Day and her bandmates took the stage at 9 p.m. and performed for a packed-in crowd that Thursday night. Suzie’s opened up their garage door style windows, and patrons gathered on the street as well to listen to the performance.

Day is no stranger to performing at university affiliated events, playing university dates in her latest tour in upstate New York.

“They want a good show,” Day said. “They don’t care what I’ve been doing earlier that day or what I had to eat for lunch.”

Day has performed at Firefly Music Festival, Lollapalooza and recently played her single “High” on Conan.

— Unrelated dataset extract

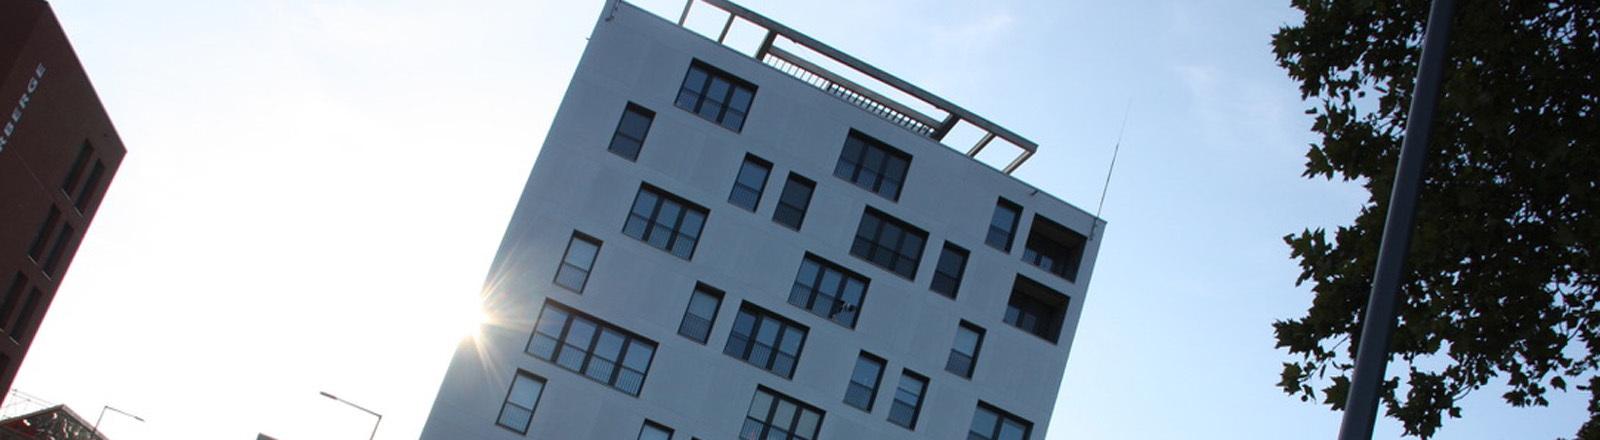 Holzhochhaus vor blauem Himmel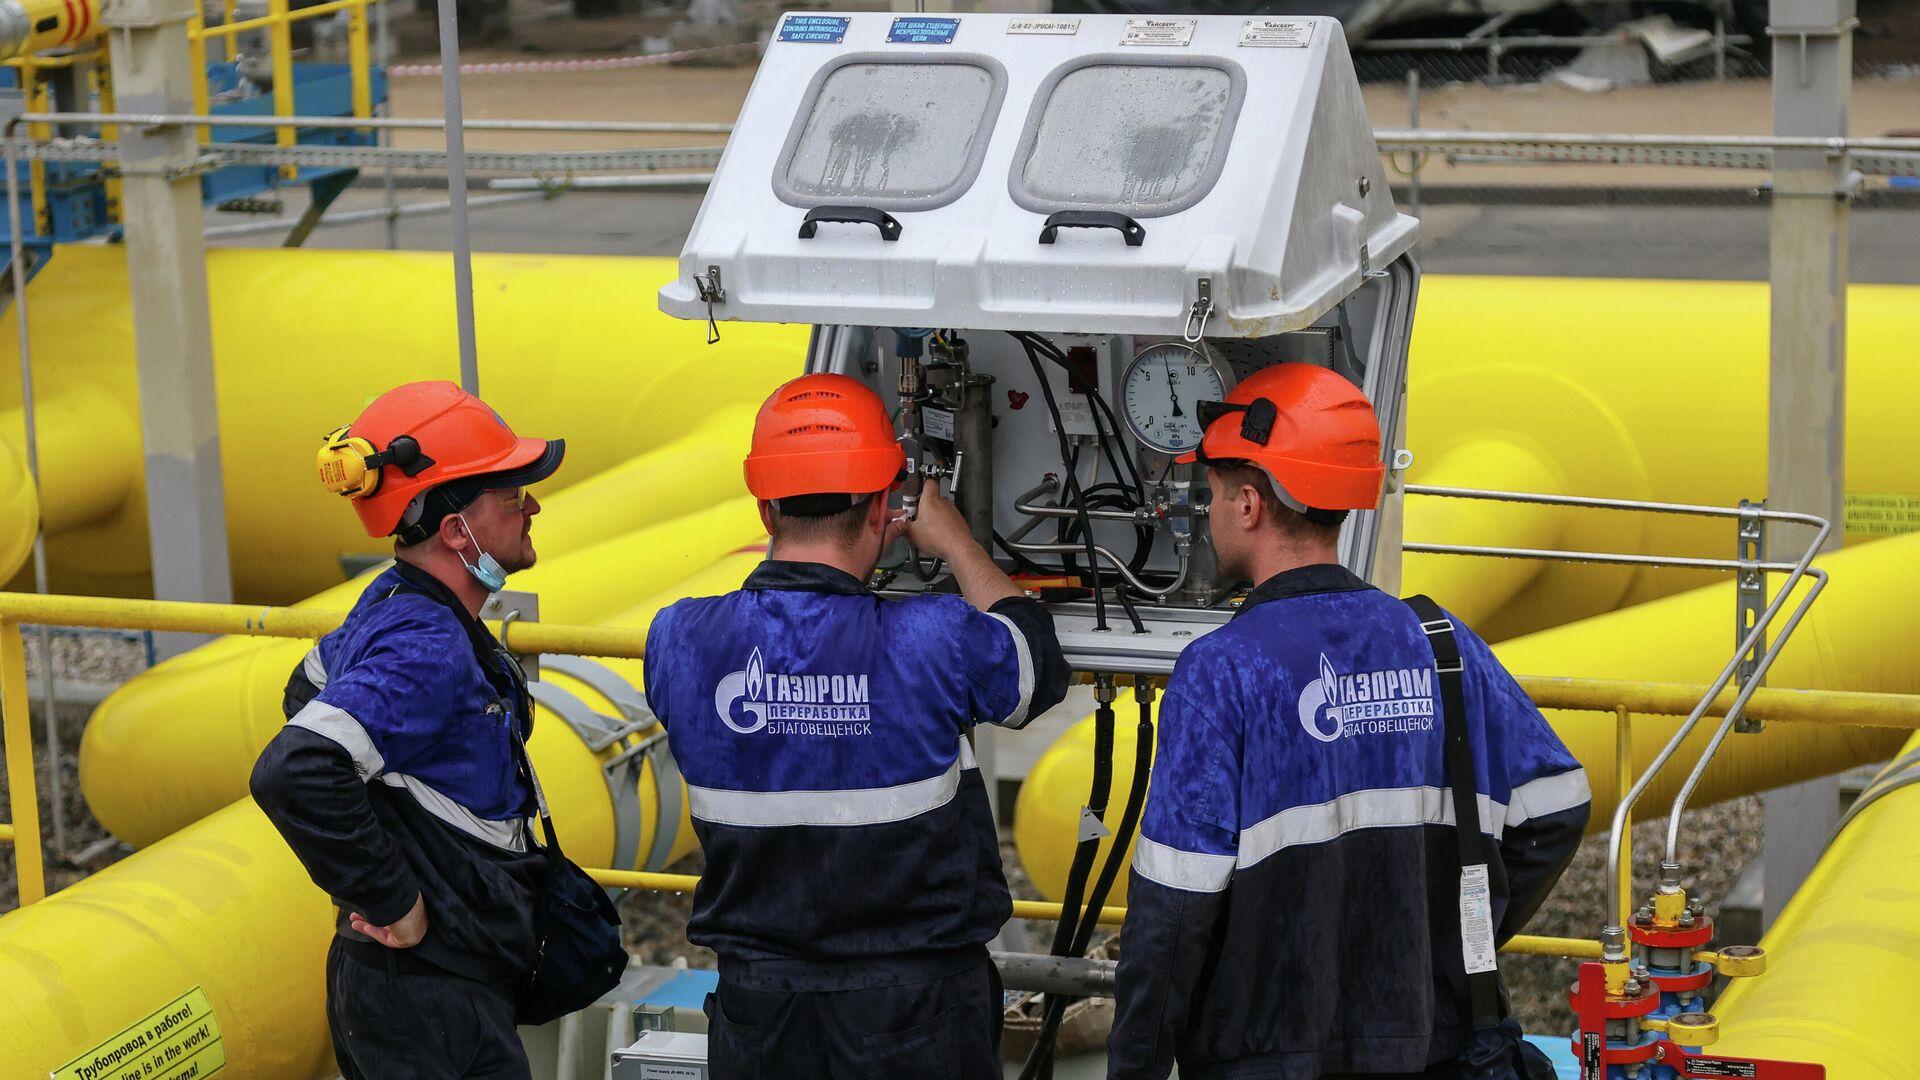 Рабочие у узлов учета газа Амурского газоперерабатывающего завода компании Газпром - РИА Новости, 1920, 24.08.2021

Day’s latest release, “Kicker,” came out this past June on Pinetop and Hollywood Records. While making the record, Day said she listened heavily to 60s and 70s rock — the Rolling Stones and The Zombies — and Jeff Buckley.

“Which is funny, cause I don’t think you hear that a lot on the record,” Day said. “But when you see a live show, that comes across.”

Born and raised in Arizona, Day has played music since she was nine-years-old. Her music stylistically and lyrically is the result of what, she says, enters her psyche. An example of that is her song, “The Outlaw Josey Wales.”

Any time she spent time in her grandparents’ home, Day said they always had Clint Eastwood movies on.

“I just remembered it,” Day said. “It was probably at a very impressionable time in my life, and ‘Outlaw Josey Wales’ was just something that stuck. I liked his name. I liked everything about him.”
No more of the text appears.